Synopses & Reviews
The first English translation of the classic sixteenth-century Spanish love poem of the soul and its commentary by a spiritual seeker outside of the Church.
When prayers go dry on the tongue, and any sense of God in the world is lost, it seems the spiritual seeker has nowhere to turn. This is the dark night of the soul that the great sixteenth-century saint John of the Cross experienced when he could no longer feel God's presence and when prayer and spiritual practice no longer inspired him. The poem he wrote while in prison, on a scroll smuggled to him by one of his guards, has never been translated complete with his later commentary by anyone outside the Catholic church. Mirabai Starr brings this work to the twenty-first century in a brilliant and beautiful rendering.
Synopsis
When prayers go dry on the tongue, and any sense of God in the world is lost--this is the dark night of the soul described by the great 16th-century St. John of the Cross.
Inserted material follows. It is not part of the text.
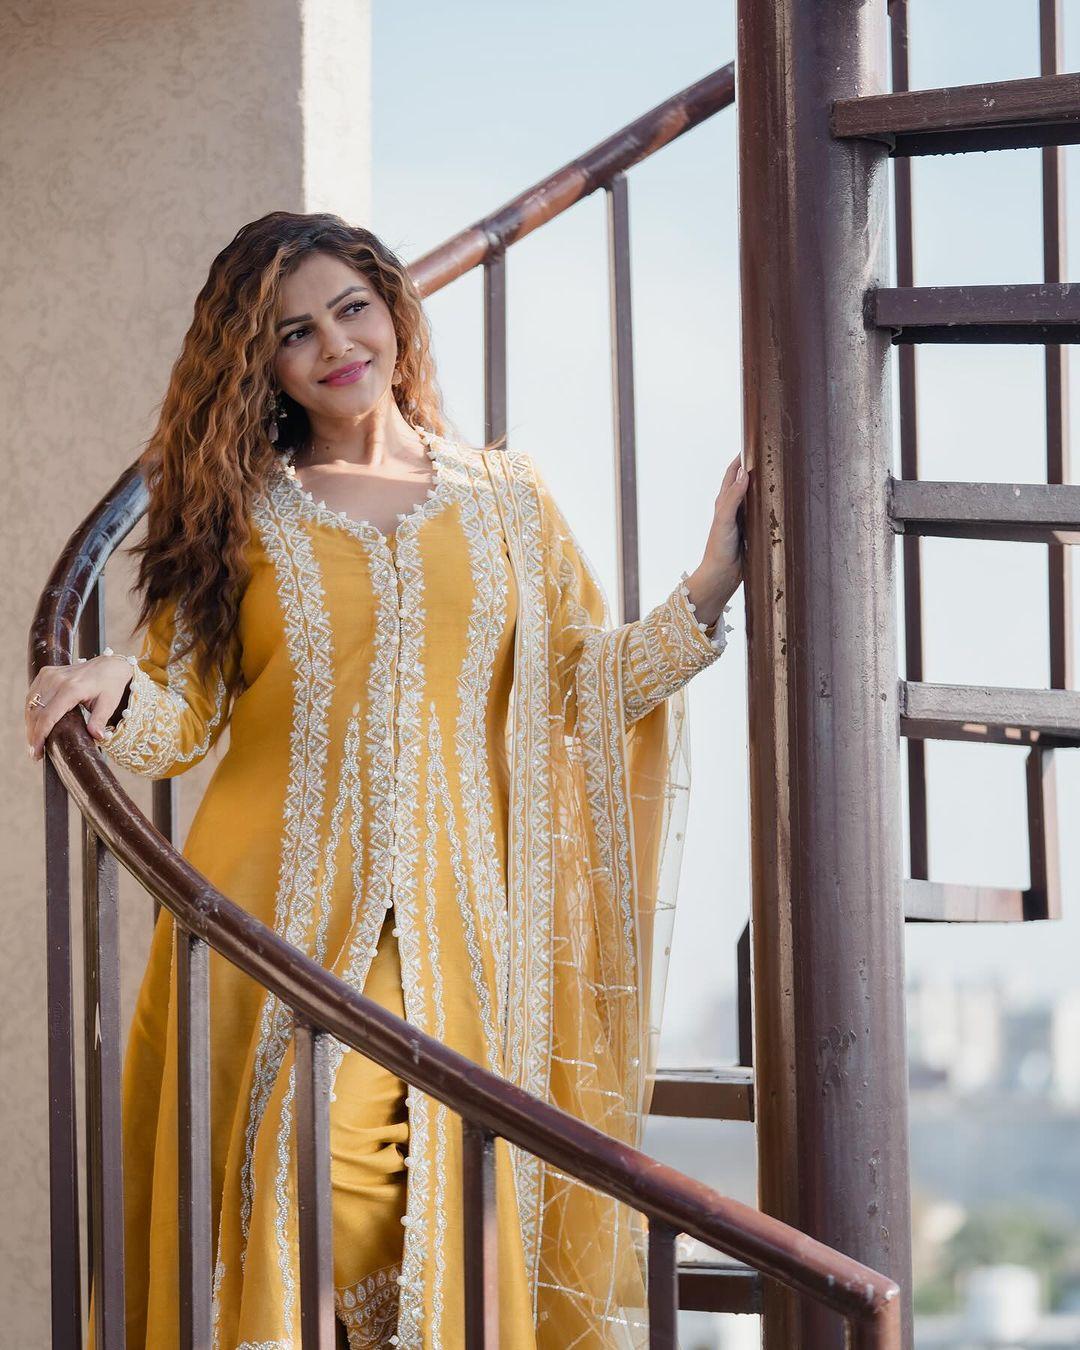 Rubina Dilaik is a diva when it comes to ethnic fashion; each and every look from her wardrobe is a must-have
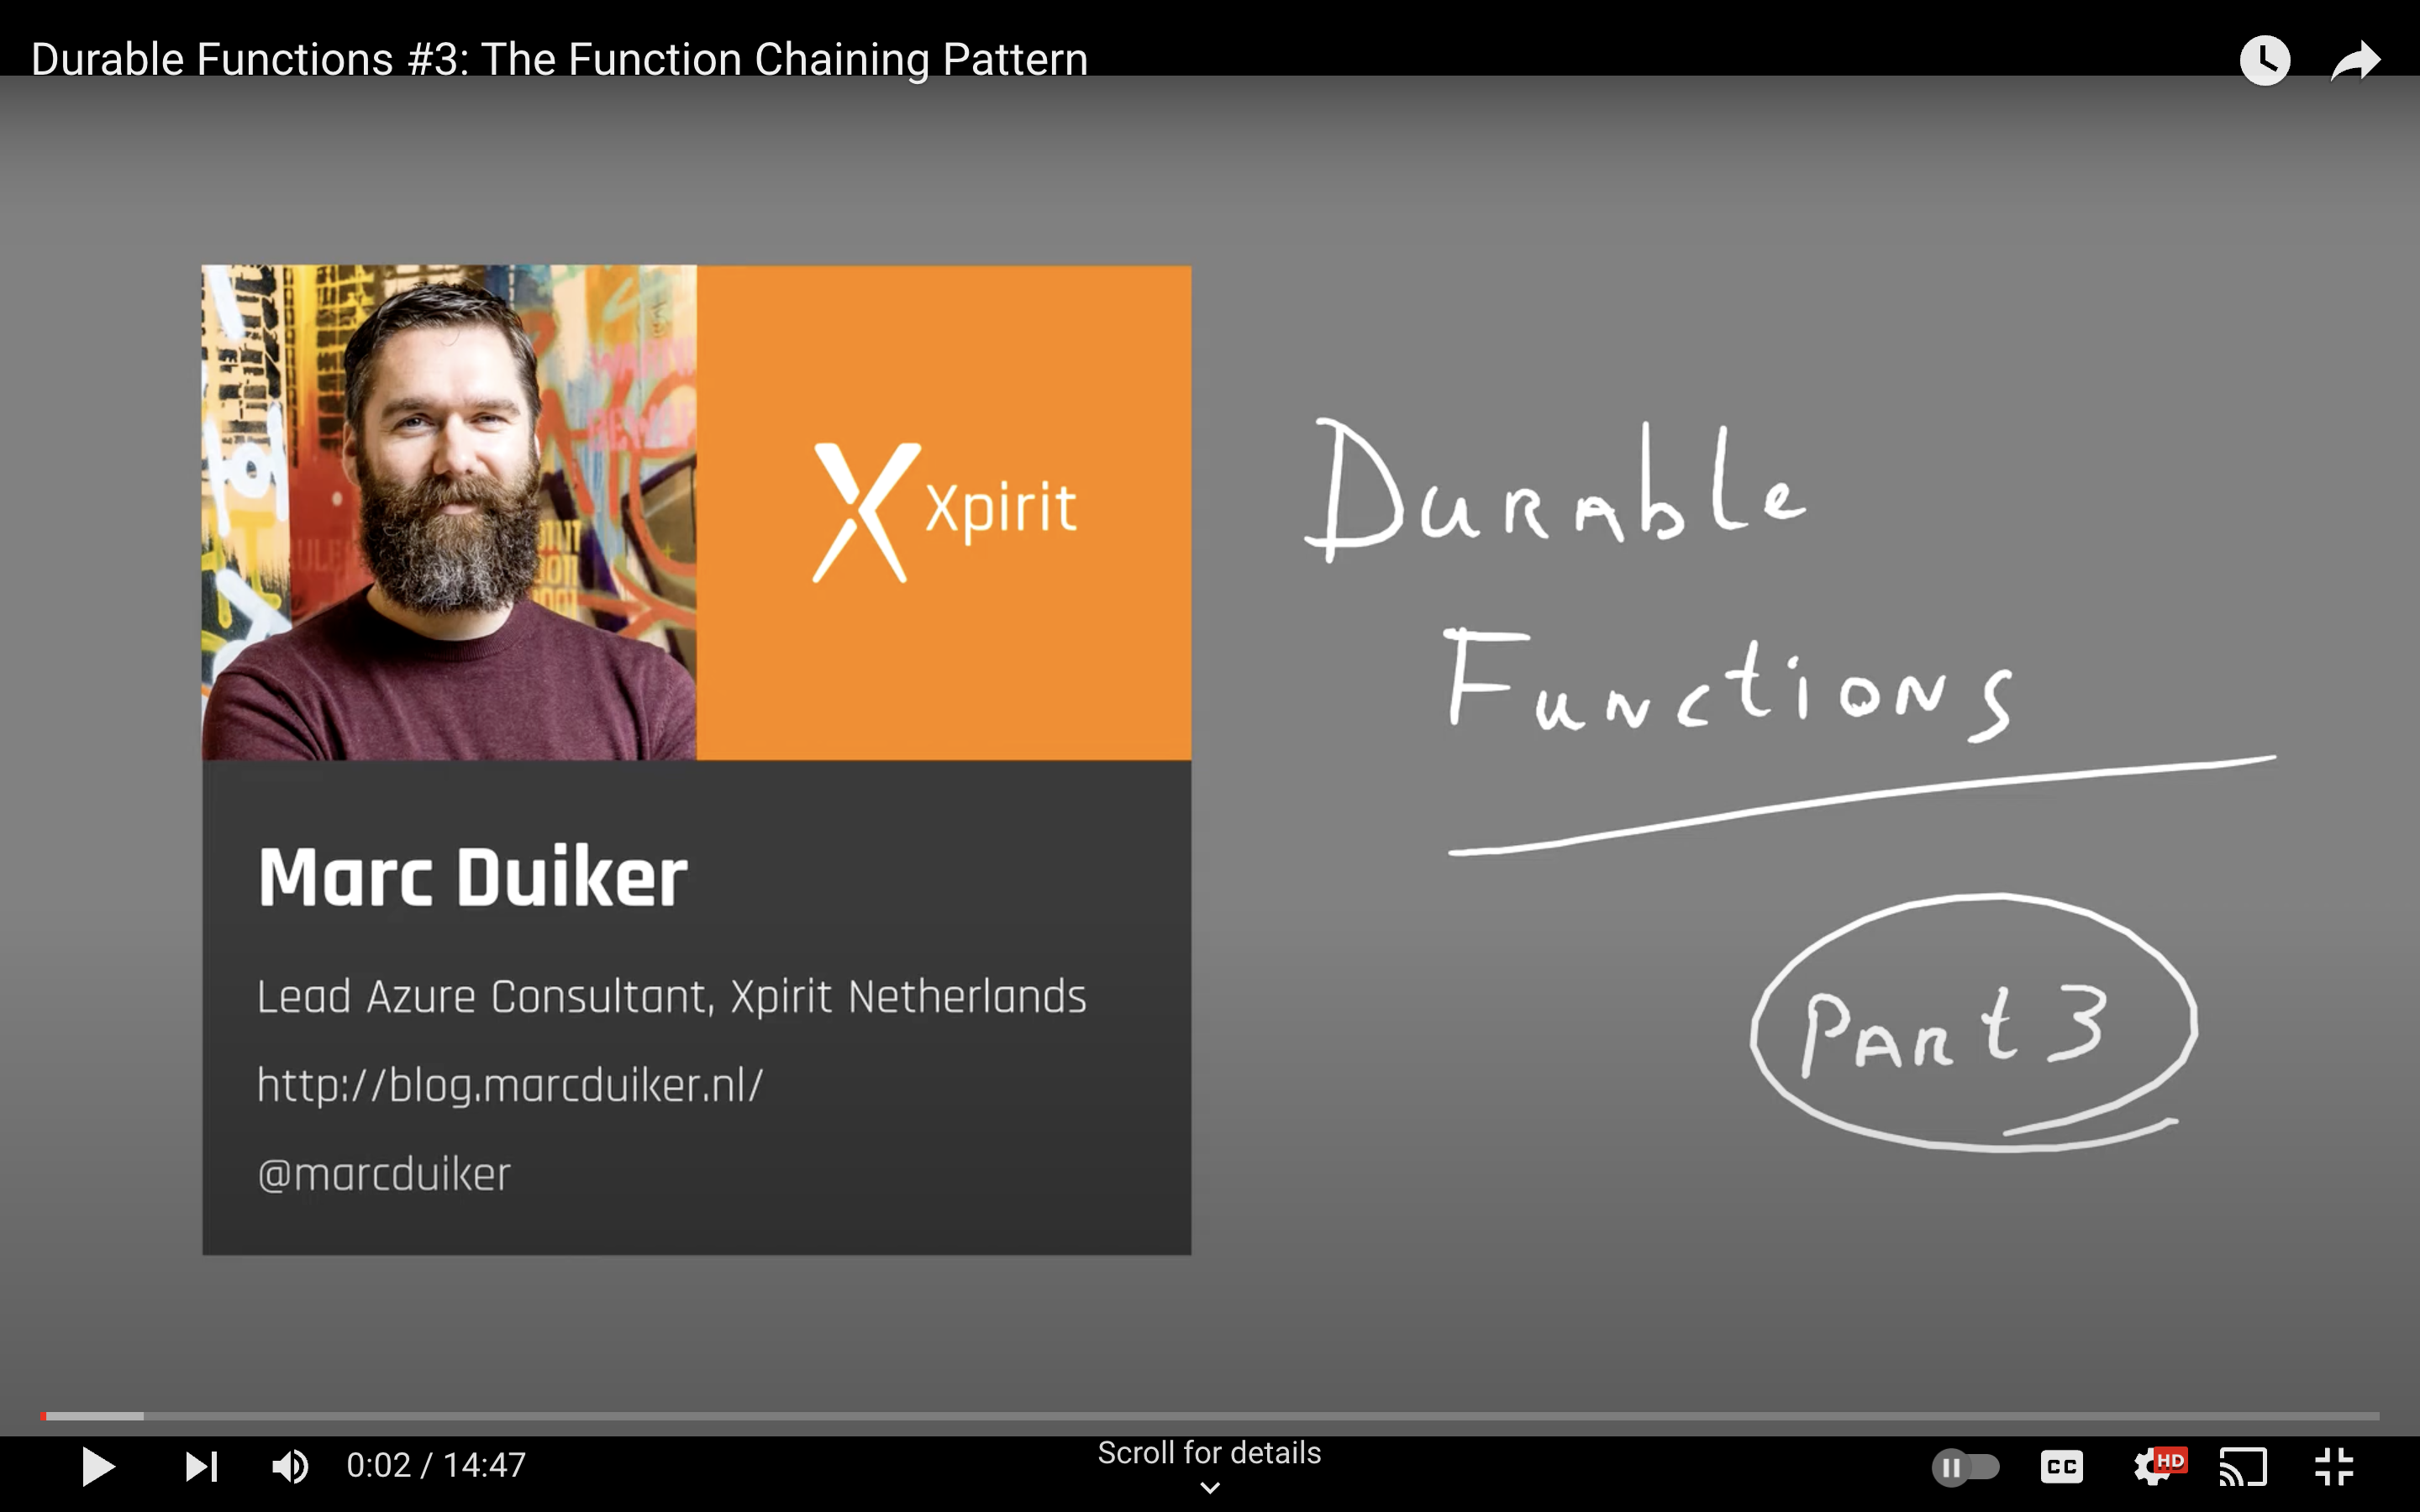 Durable Functions on YouTube (part 3) - The Function Chaining Pattern

Written in prison, his text, for the first time, is now translated by a spiritual seeker outside the Church.
About the Author
Mirabai Starr,, who has studied Buddhism, Hinduism, and Judaism, brings the seeker's sensibility to Dark Night of the Soul. She is a published writer of fiction and essays and is adjunct professor of philosophy, religious studies, and Spanish at the University of New Mexico at Taos. She has been studying St. John of the Cross's text for more than twenty years.